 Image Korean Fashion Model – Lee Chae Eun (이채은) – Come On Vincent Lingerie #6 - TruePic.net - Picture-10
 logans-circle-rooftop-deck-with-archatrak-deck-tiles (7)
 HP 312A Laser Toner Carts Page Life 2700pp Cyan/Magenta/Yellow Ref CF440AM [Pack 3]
--- --- ---
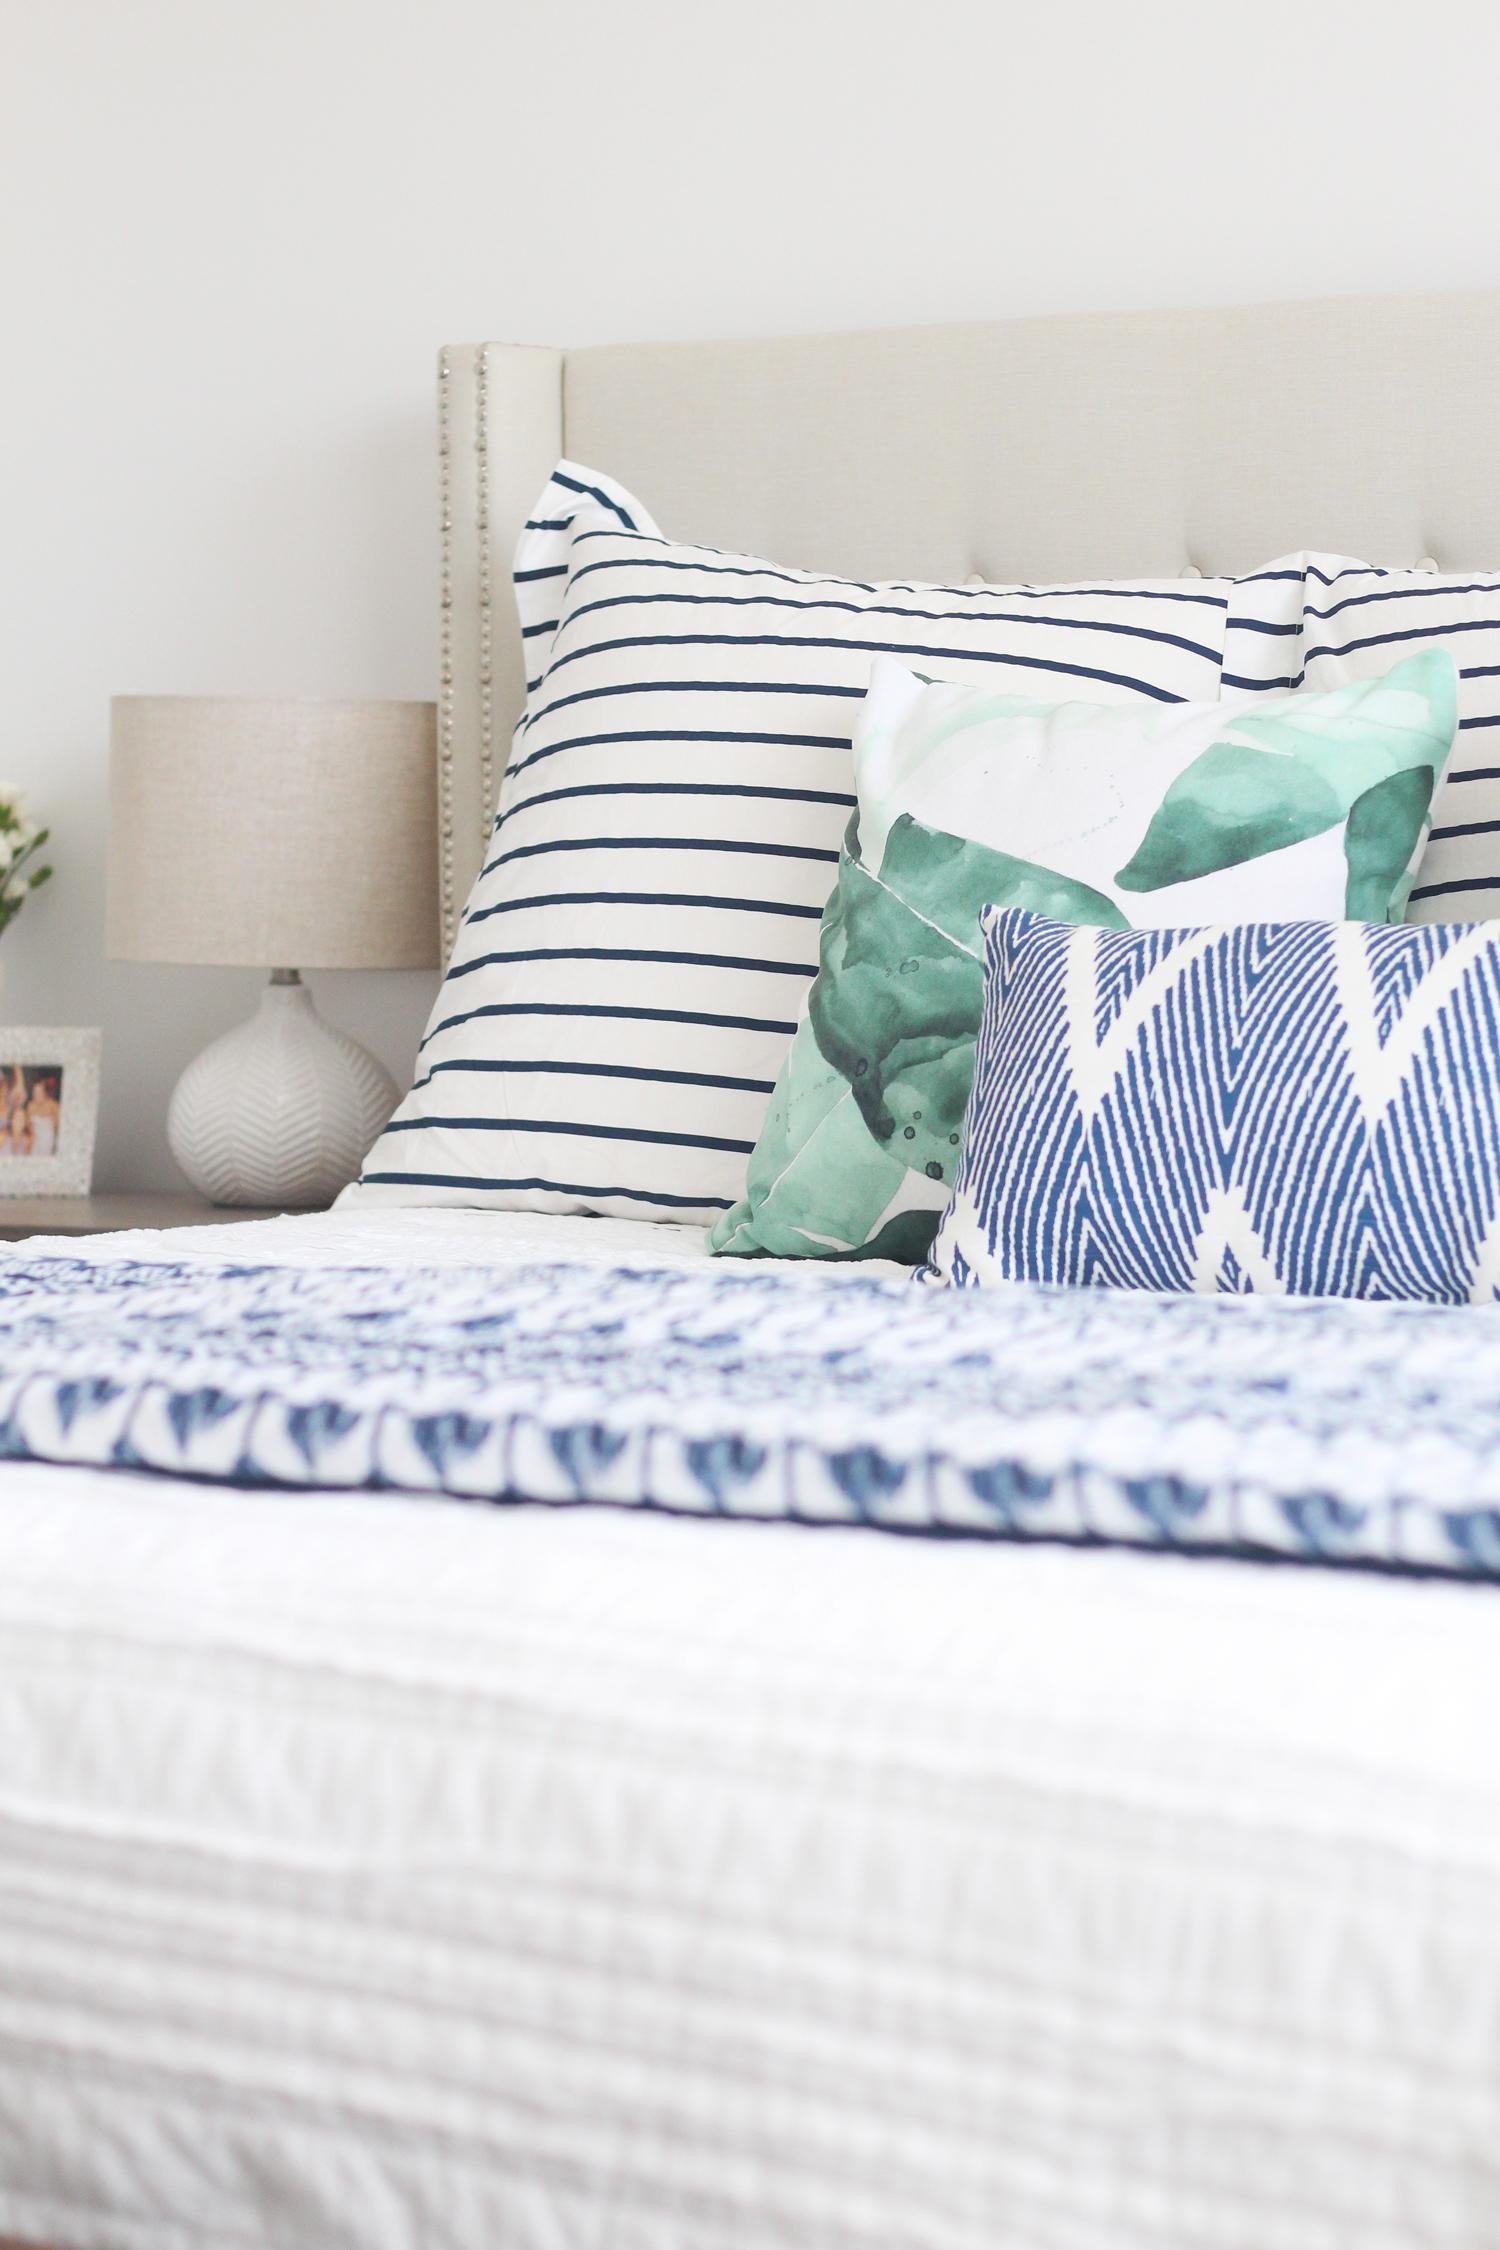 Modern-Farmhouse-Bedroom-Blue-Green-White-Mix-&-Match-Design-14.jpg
--- --- ---
EXERCISE REQUIREMENTS: Search the listing above for the lines with "Image Korean Fashion" and "HP 312A Laser", then output those lines and all lines between them exactly.

RESULT FOR THIS TASK:
 Image Korean Fashion Model – Lee Chae Eun (이채은) – Come On Vincent Lingerie #6 - TruePic.net - Picture-10
 logans-circle-rooftop-deck-with-archatrak-deck-tiles (7)
 HP 312A Laser Toner Carts Page Life 2700pp Cyan/Magenta/Yellow Ref CF440AM [Pack 3]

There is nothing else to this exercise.